また、個人の権利に対する意識の弱さは人々のマインドの中にも深く埋め込まれます。過度な競争からの離脱を告げることができた社会では、人間一人一人の精神を侵害しないことが常識とされる成熟した社会になりますが(愛知県は比較的そう)、過度な競争を肯定している社会というのは、立場が強い人が立場が弱い人をなじることが正当化されており、人権意識とはかけ離れた言論空間が出来上がります。いわゆる弱肉強食であったり、お金で全てを語ろうとするのはこの状態だと思います。そこでは個人は成熟した社会にあるような細やかで肯定的な自己像を形成することができず、社会的階層と自意識を結びつけがちになってしまいます。
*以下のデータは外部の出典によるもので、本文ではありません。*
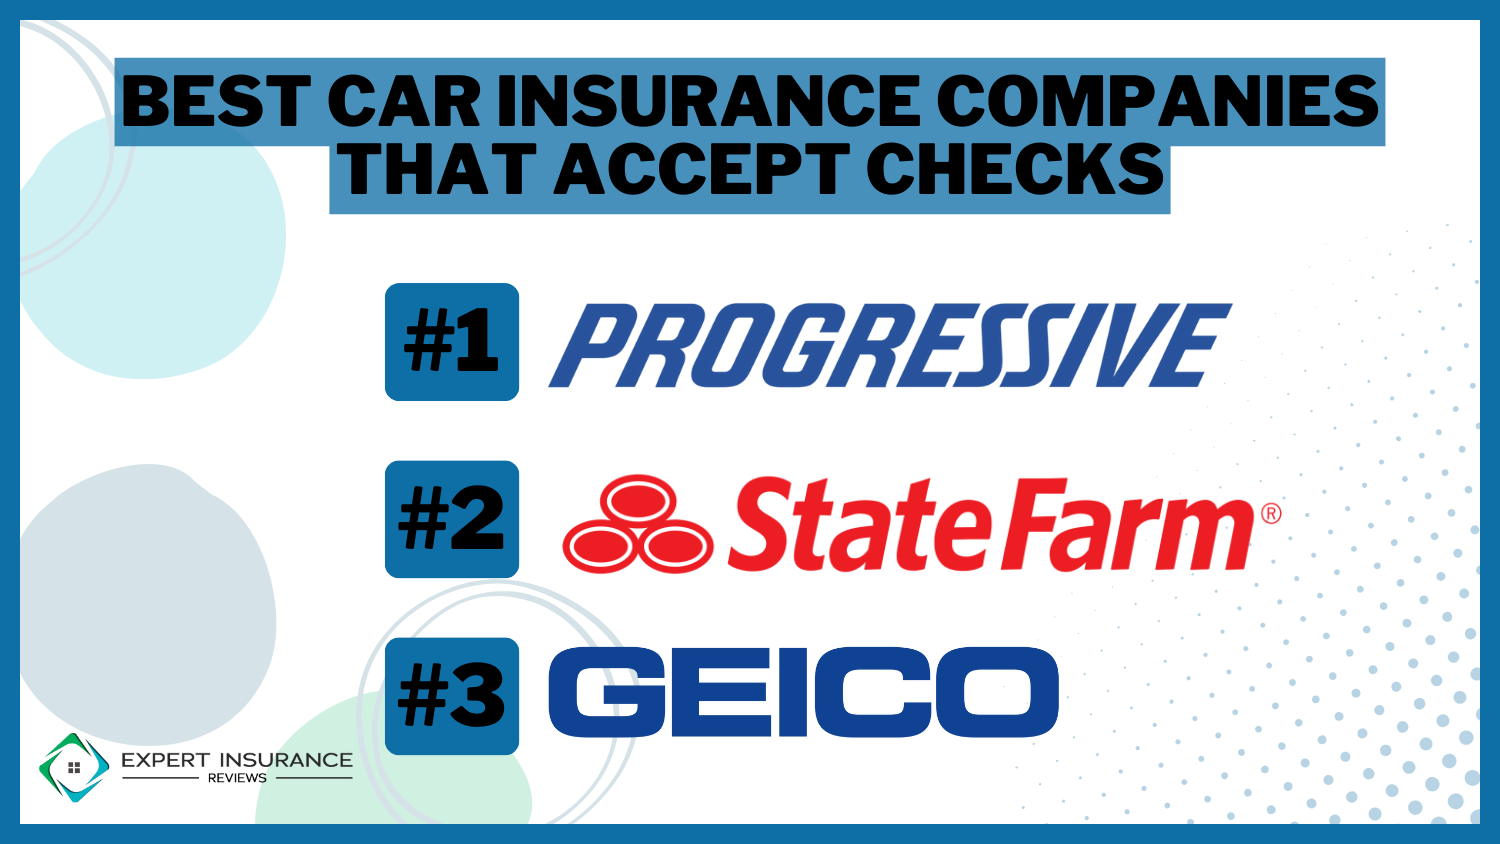 Best Car Insurance Companies that Accept Checks: Progressive, State Farm, and Geico

向上心を持った先は豊かな生活であると思いがちですが、前述した通り、必ずしもそうとは限りません。そもそも、上には上があるものです。経済的に豊かになればなるほど敵やプレッシャーが増え、不幸になる要因も増加するのが競争社会です。このような中で向上心を持つ理由現実的な理由というのは、向上心の価値を信じたいからというものに近いと思います。しかし向上の先にあるのはは平穏で幸せな世界では決してなく、不透明さと搾取に満ちた、混沌と死の恍惚溢れる世界です。そのような中で平気でいられるのは、心を持たないサイコパスのような人くらいではないでしょうか?